From Weak to Strong LP Gaps for All CSPs
Host
Department of Applied Mathematics
Speaker
Madhur Tulsiani
Toyota Technological Institute at Chicago; Department of Computer Science, University of Chicago
http://ttic.uchicago.edu/~madhurt/
Description
We study the approximability of constraint satisfaction problems (CSPs) by linear programming (LP) relaxations. We show that for every CSP, the approximation obtained by a basic LP relaxation, is no weaker than the approximation obtained using relaxations given by \( \Omega (\ln n/ \ln\ln n) \) levels of the of the Sherali-Adams hierarchy on instances of size n. It was proved by Chan et al. (2013) that any polynomial size LP extended formulation is no stronger than relaxations obtained by a super-constant levels of the Sherali-Adams hierarchy. Combining this with our result also implies that any polynomial size LP extended formulation is no stronger than the basic LP, which can be thought of as the base level of the Sherali-Adams hierarchy. This essentially gives a dichotomy result for approximation of CSPs by polynomial size LP extended formulations.
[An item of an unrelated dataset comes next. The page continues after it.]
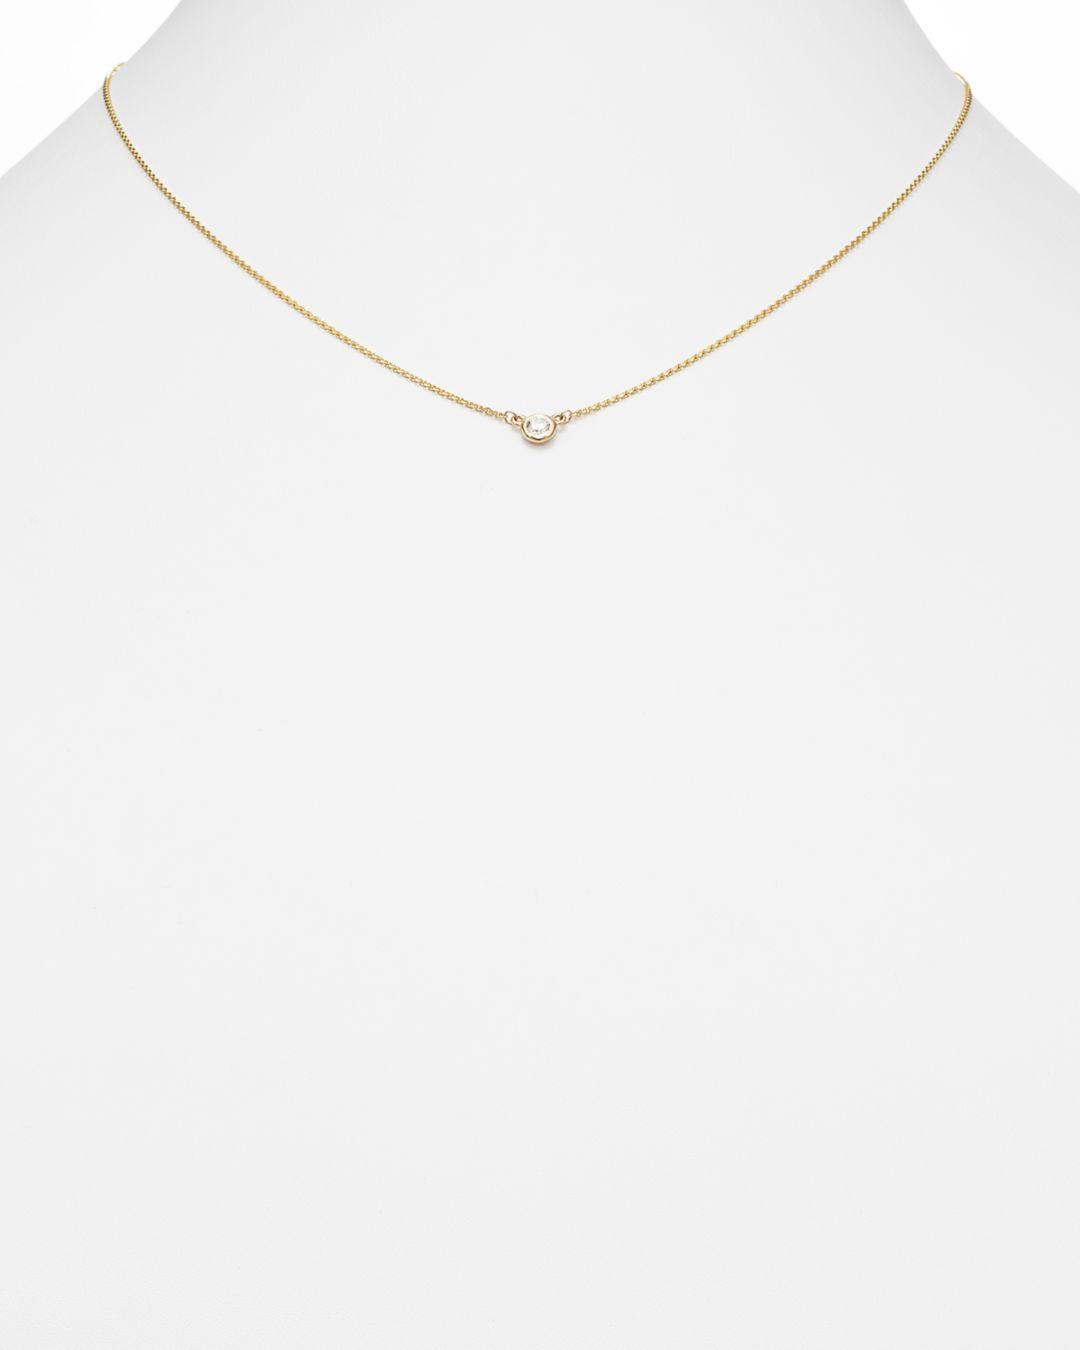 Bloomingdale's Diamond Bezel Set Pendant Necklace In 14k Yellow Gold in White/Gold (Metallic)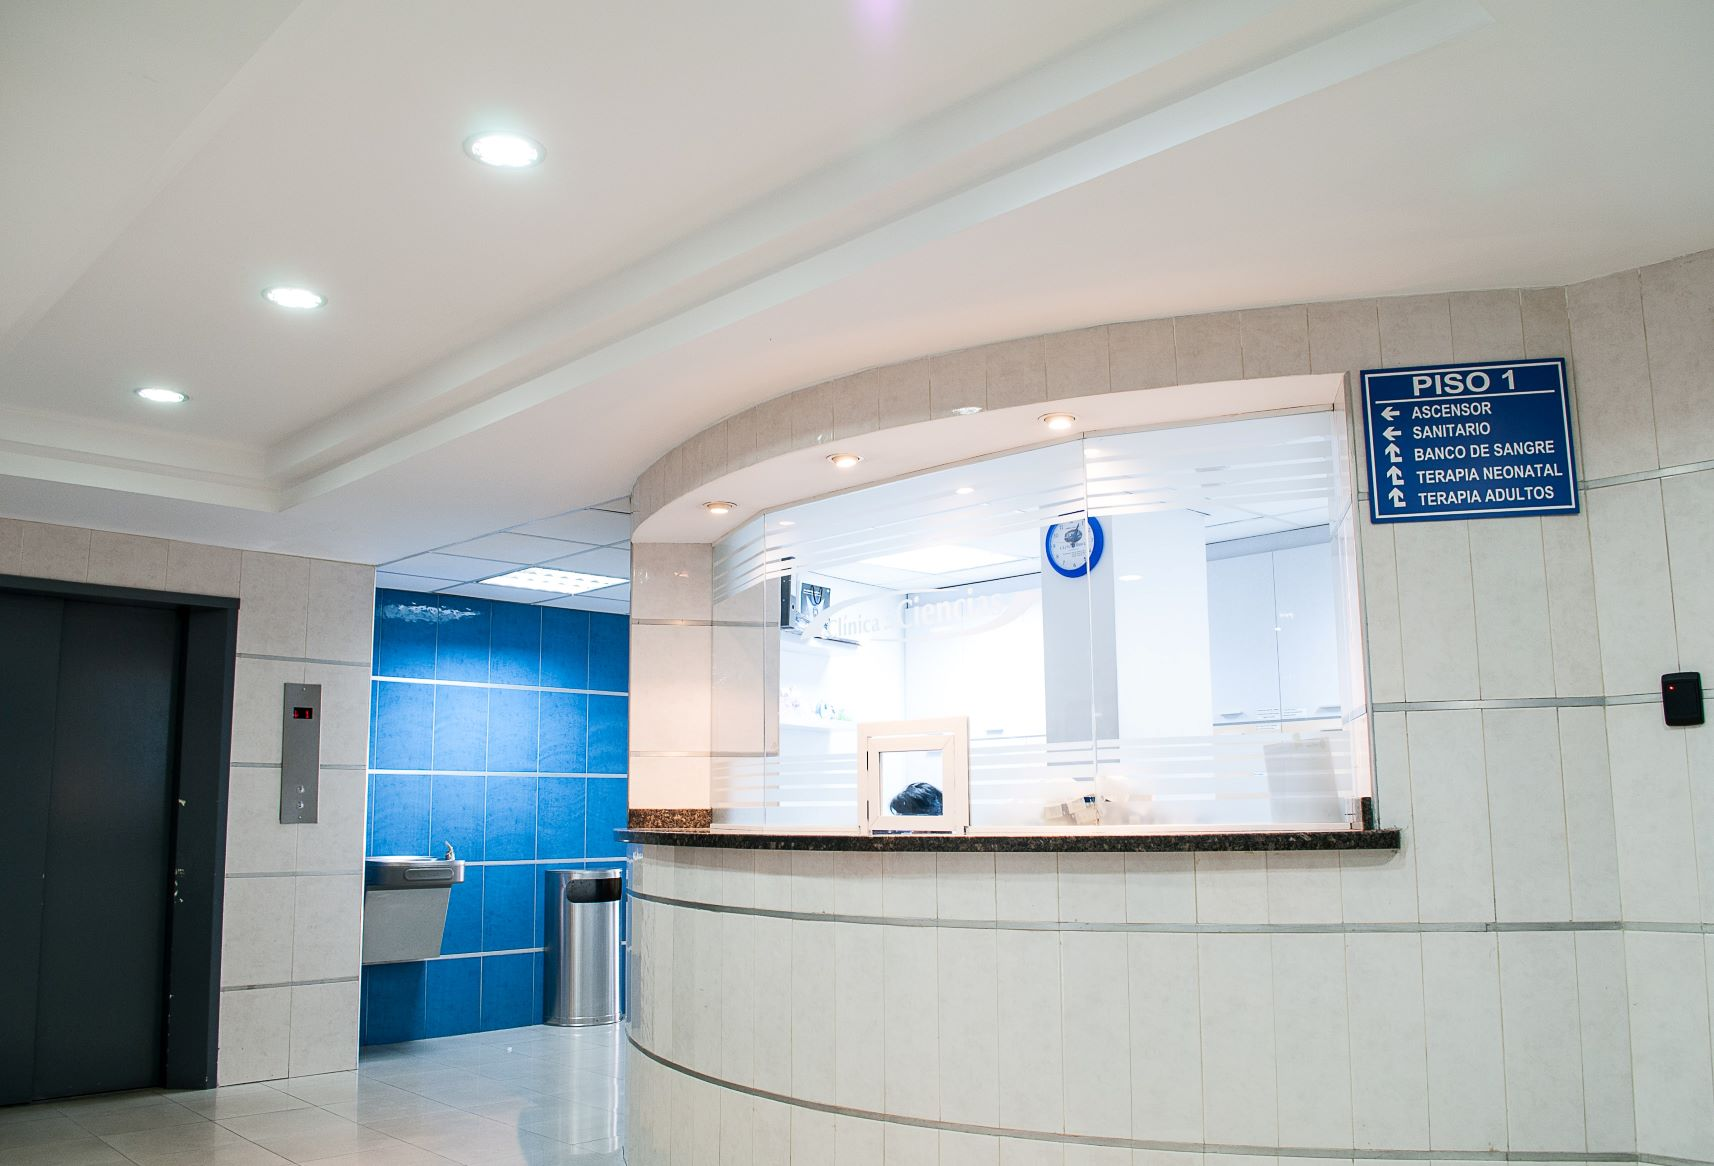 SimonsVoss Technologies - Hospitals' Access Control Checklist

Using our techniques, we also simplify and strengthen the result by Khot et al. (2014) on (strong) approximation resistance for LPs. They provided a necessary and sufficient condition under which \( \Omega (\ln\ln n) \) levels of the Sherali-Adams hierarchy cannot achieve an approximation better than a random assignment. We simplify their proof and strengthen the bound to \( \Omega (\ln n / \ln\ln n) \) levels. Joint work with Mrinalkanti Ghosh.